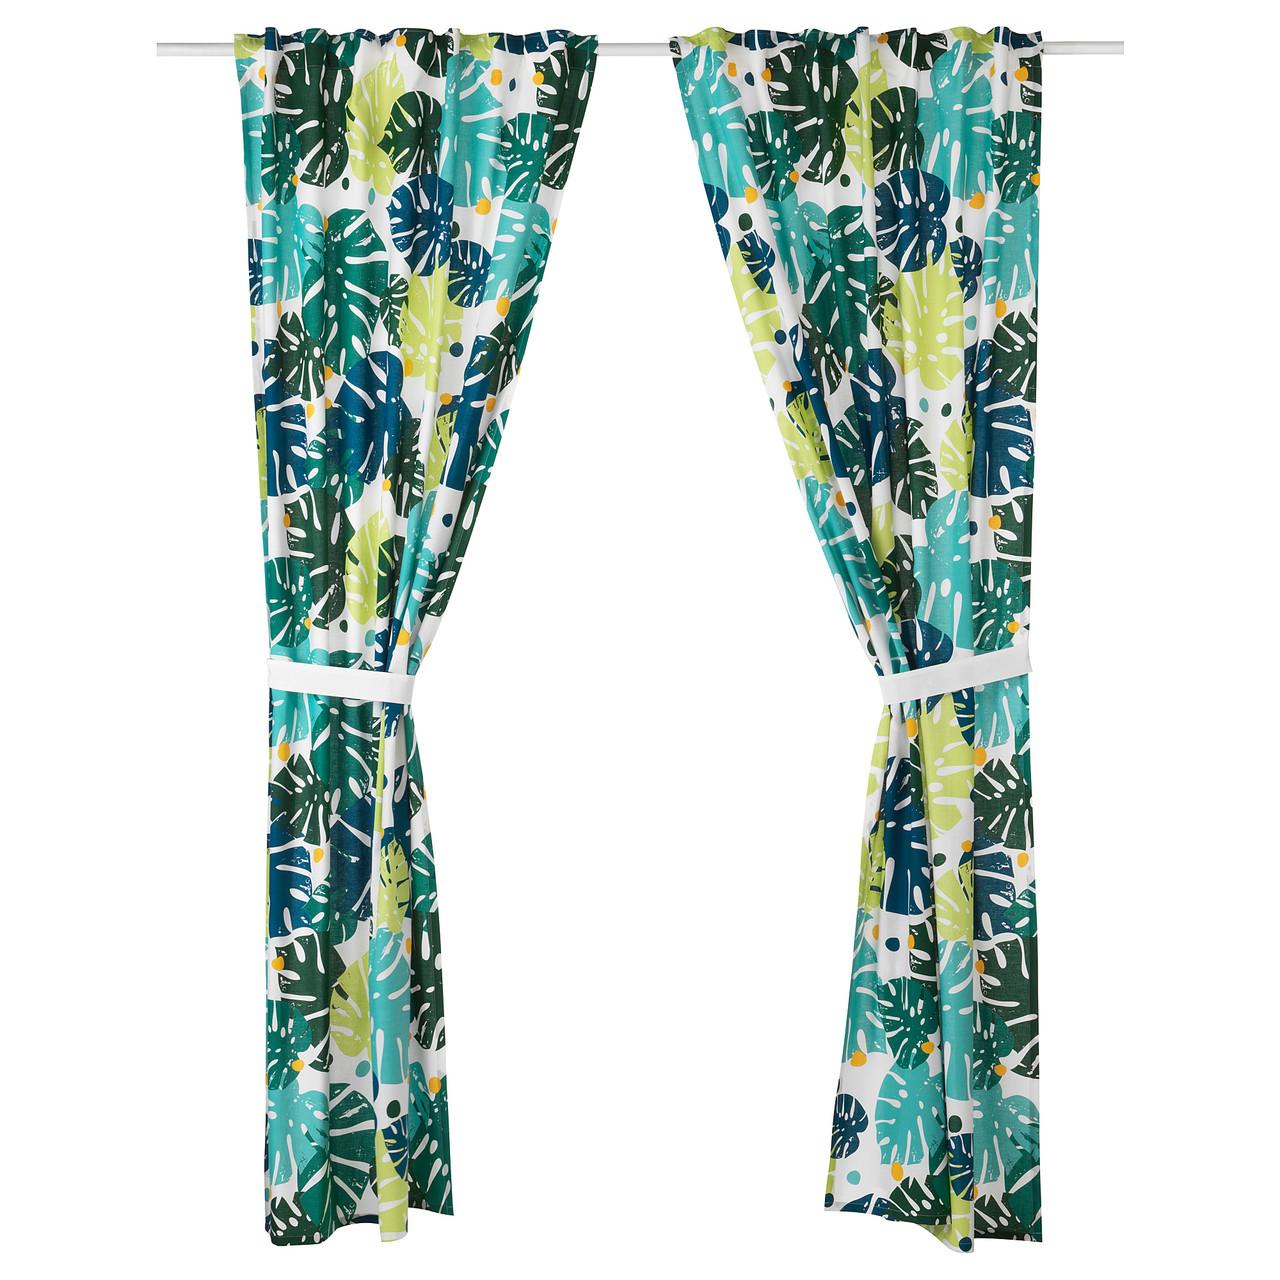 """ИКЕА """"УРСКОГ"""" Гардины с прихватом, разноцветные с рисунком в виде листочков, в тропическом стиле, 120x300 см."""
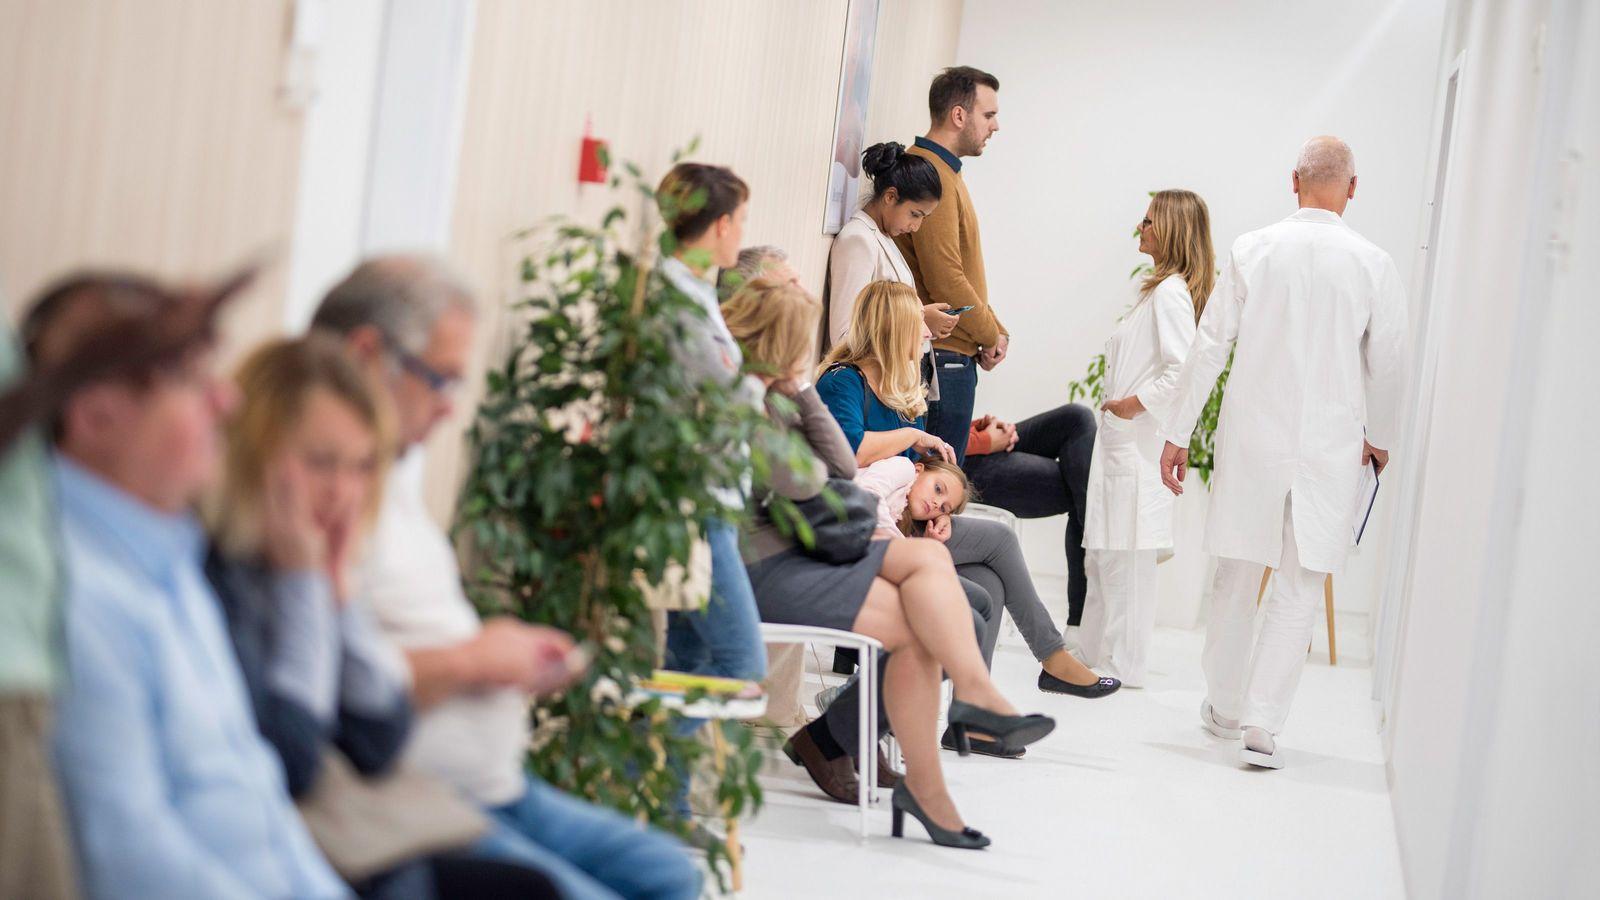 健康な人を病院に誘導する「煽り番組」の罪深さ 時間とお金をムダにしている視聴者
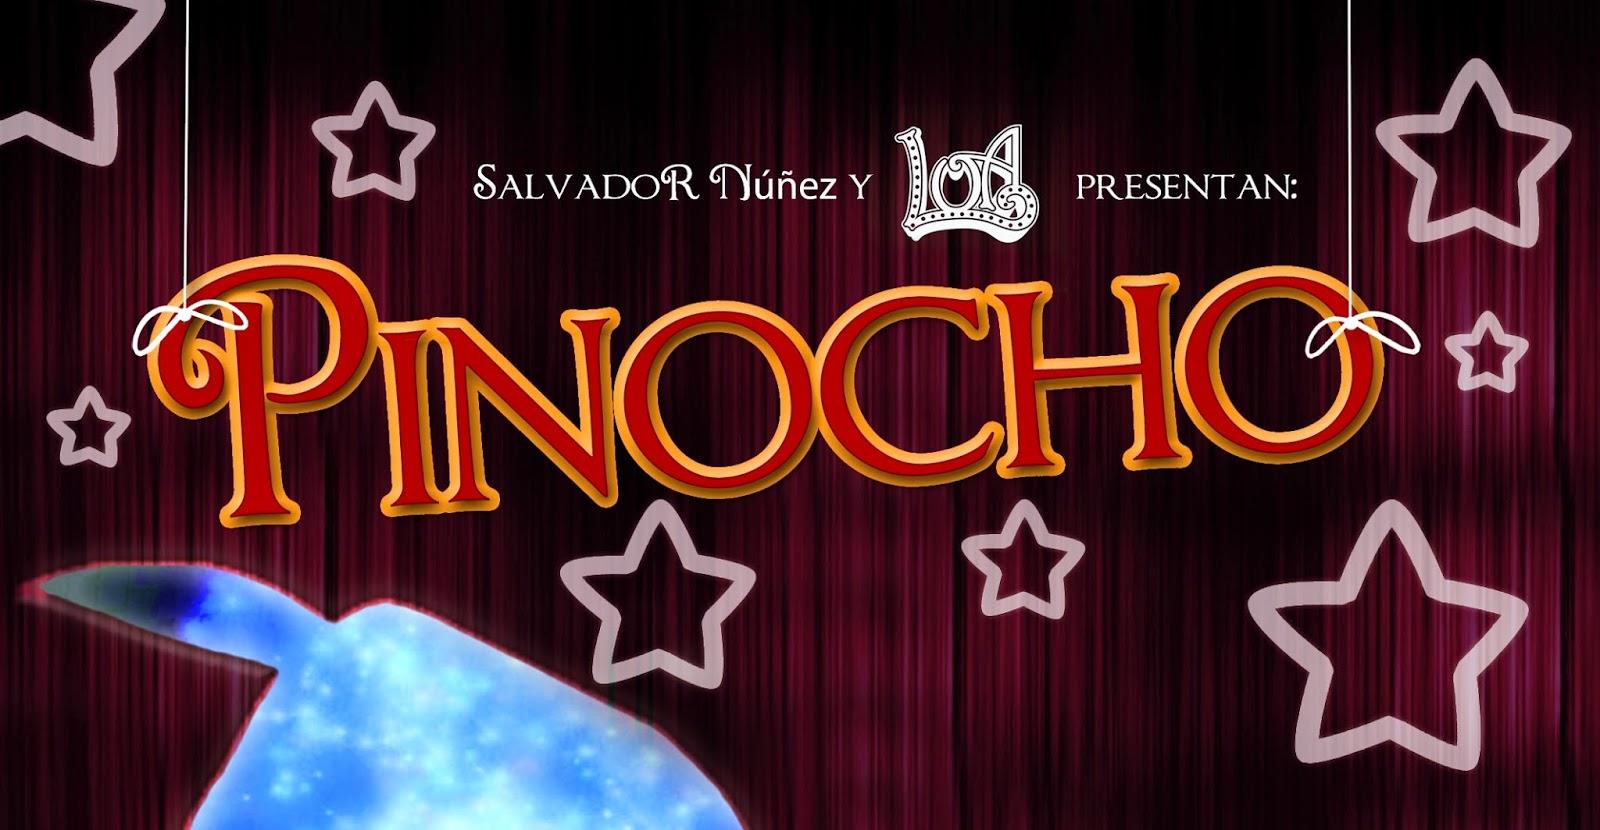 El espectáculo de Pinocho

> **Instructions to follow**: Take every line of the material and copy it exactly, leaving out the pictures.

> **Task answer**:
 """ИКЕА """"УРСКОГ"""" Гардины с прихватом, разноцветные с рисунком в виде листочков, в тропическом стиле, 120x300 см."""
 健康な人を病院に誘導する「煽り番組」の罪深さ 時間とお金をムダにしている視聴者
 El espectáculo de Pinocho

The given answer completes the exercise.